LORD GEORGE HAMILTON

said, that after the satisfactory tone of the debate, he should not detain the House with many remarks. He thought there was some amount of force in the objection raised by the right hon. Gentleman the Member for Birmingham as to the terms of Reference which he had proposed, and which might not be understood out-of-doors to be applicable to the mitigation or prevention of famines. He himself thought that the Reference was sufficiently large as it stood, but he should not object to add certain words to make that point clearer if the hon. Member for Hackney would withdraw his Amendment. In that ease, he would propose that the Motion should be in the following terms:— That a Select Committee be appointed to inquire into and report as to the expediency of constructing Public Works in India with money raised on loan, both as regards financial results and the prevention of famine.

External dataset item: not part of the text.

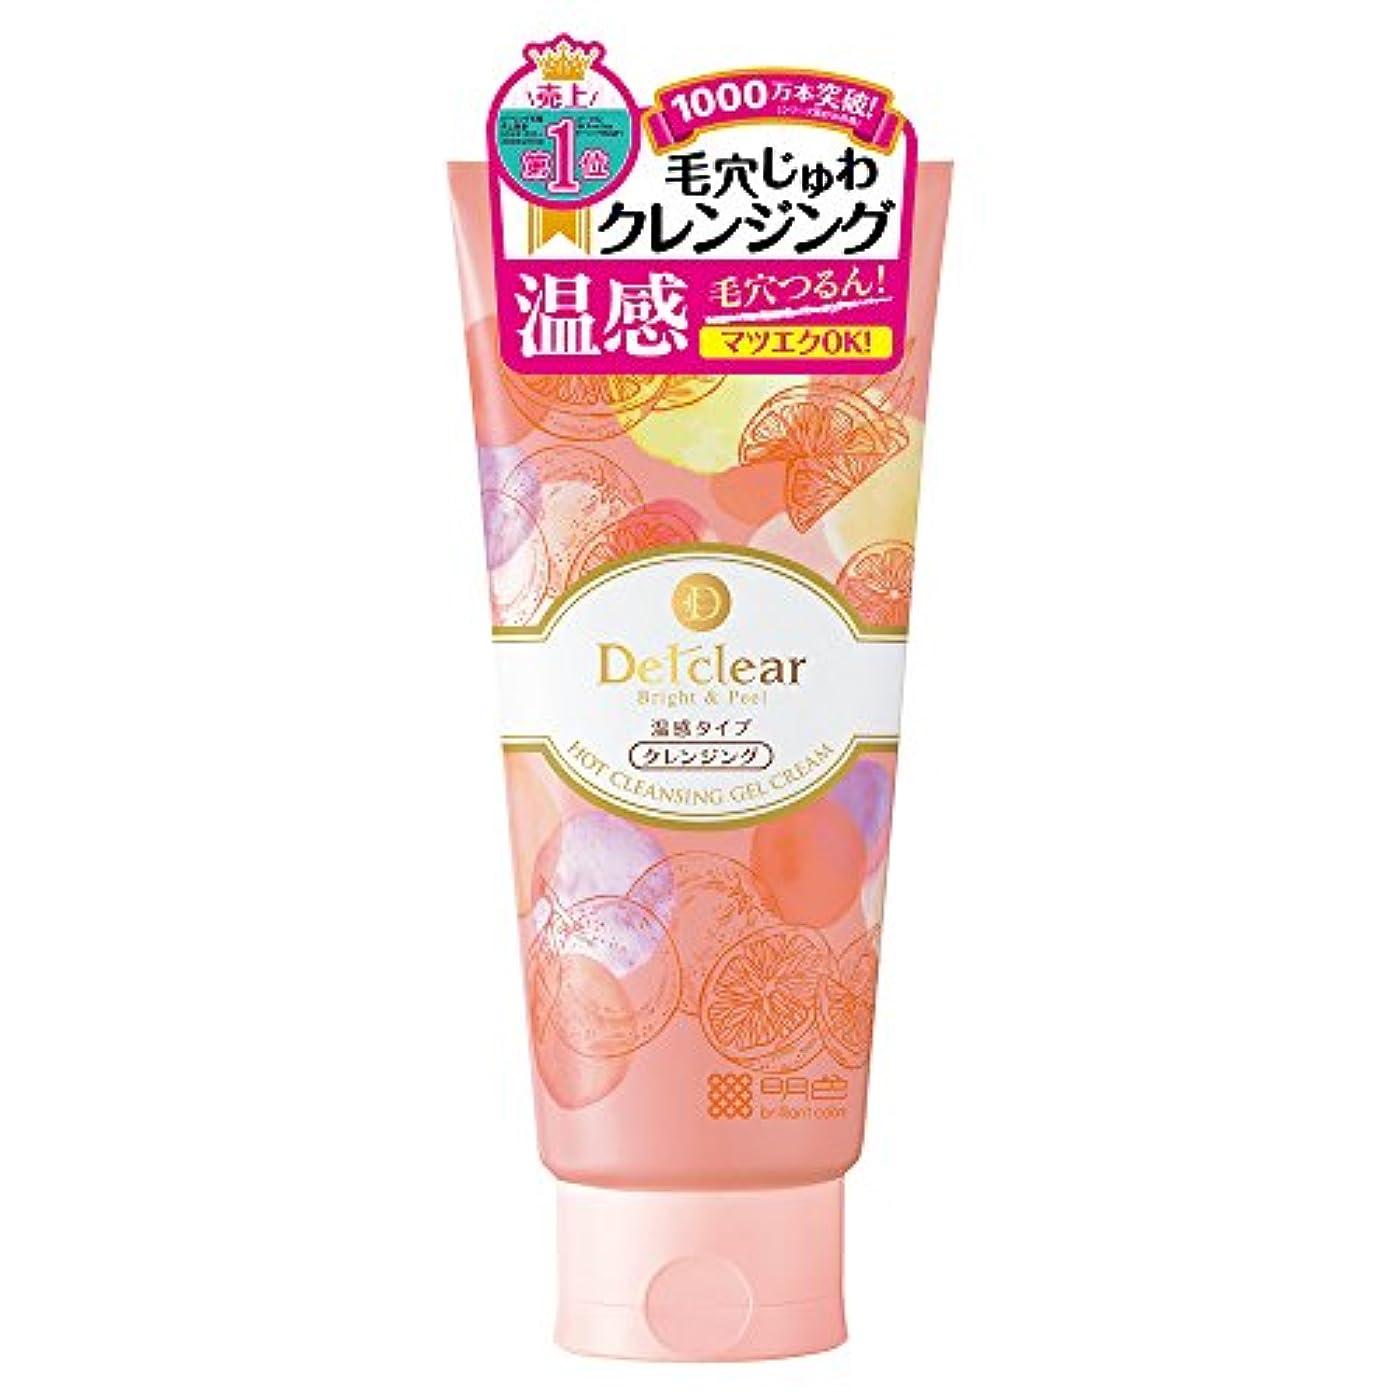 木曜日ファンタジー橋DETクリア ブライト&ピール ホットクレンジング ジェルクリーム 200g (日本製) ベルガモットオレンジの香り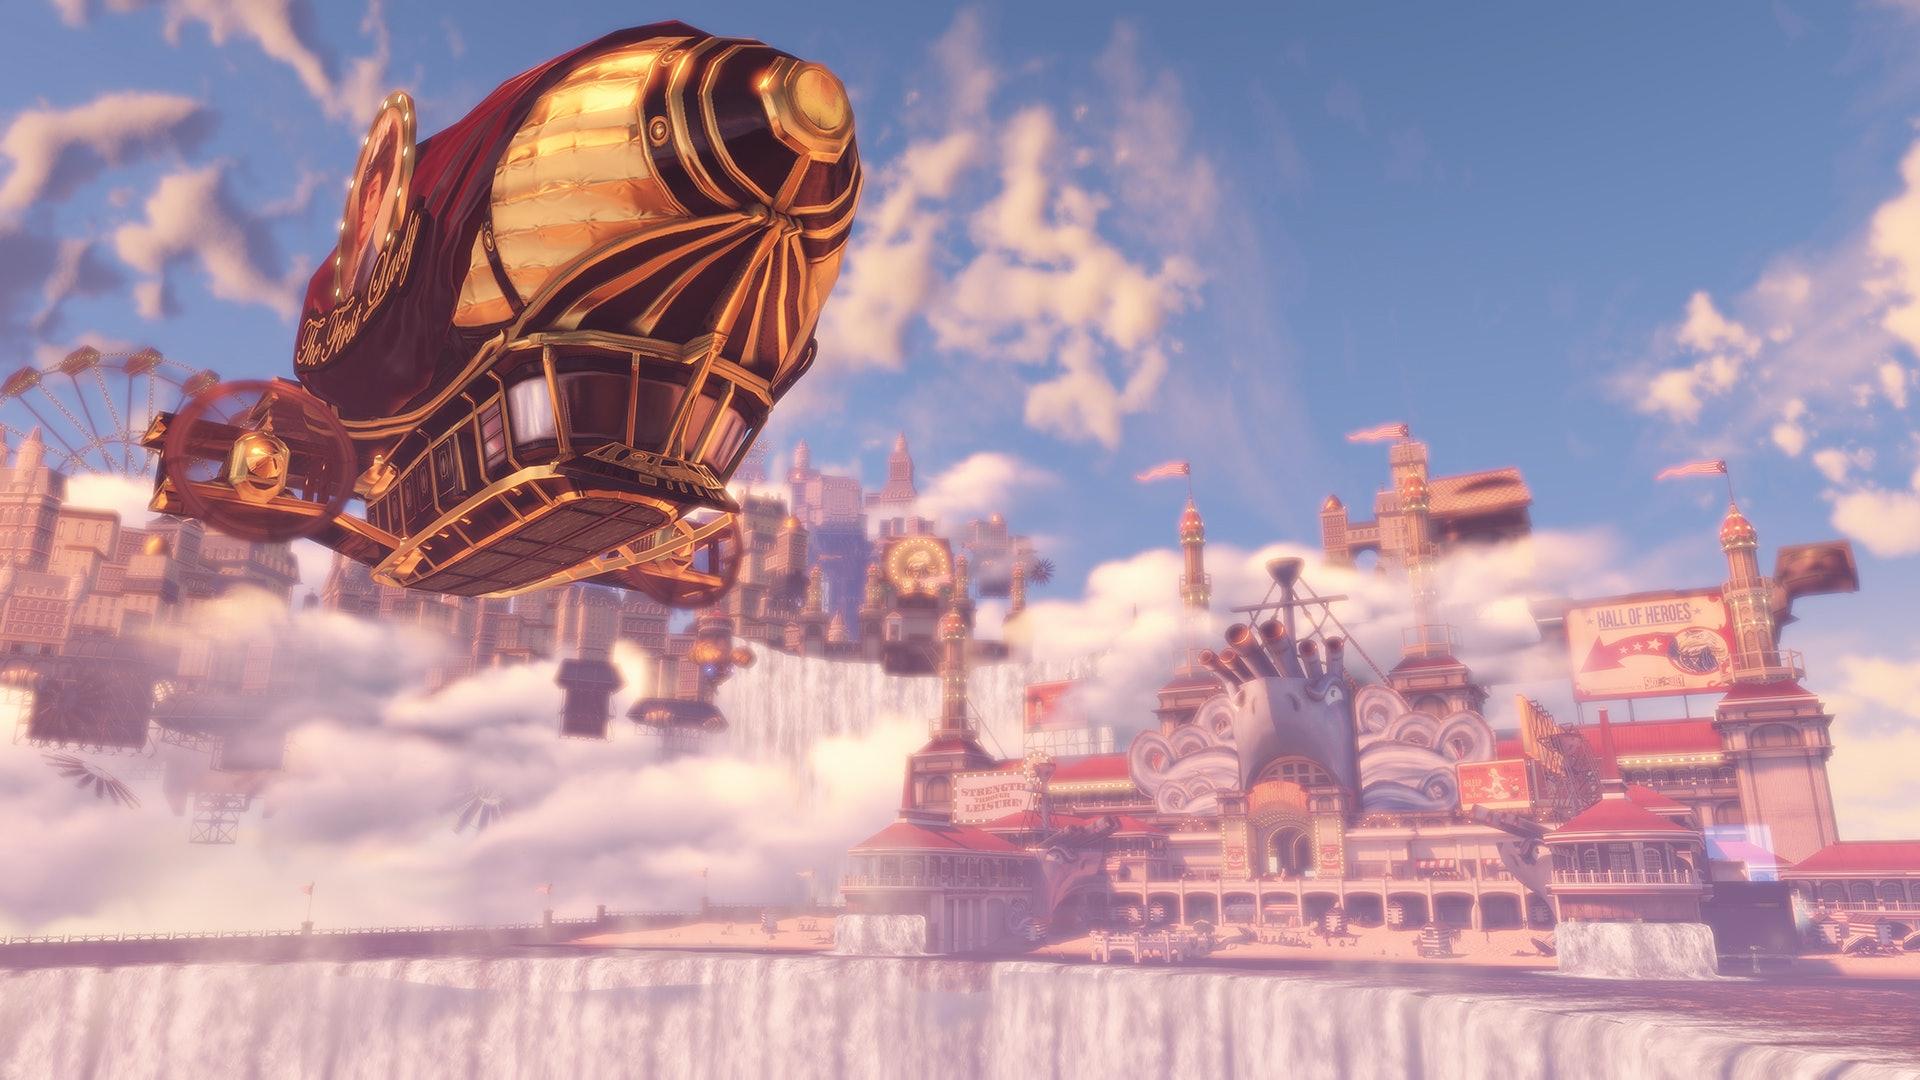 BioShock Infinite Columbia quantum levitation

As to the scope of the Commission appointed by the Secretary of State for India, he might explain that its duty was to inquire, not merely into the irrigation works in Madras, but also into the various measures adopted for the relief of the poor; and also, as far as possible, to collect evidence on those points of famine administration on which there was a difference of opinion between the Madras Government and the Supreme Government. In addition to this, the Commission was to inquire into the capacity of the ryots to dig wells and tanks, and to suggest means by which the construction of such works might be expedited. He mentioned these circumstances in order that it might not be supposed that the proposed Committee was to be a small and pettifogging inquiry.

MR. CHILDERS,

after the explanation of the noble Lord, with whom he entirely concurred, hoped his hon. Friend the Member for Hackney would not object to withdraw his Amendment. By the addition of the proposed words the greater part of his hon. Friend's object would be attained.

MR. FAWCETT

said, that though the proposal, as it stood, did not touch a great deal of what he had in view, he would gladly accede to the request which had been made, and withdraw his Amendment. He thought, perhaps, it would be better to raise the question of military expenditure on another occasion.

Amendment and Motion, by leave, withdrawn.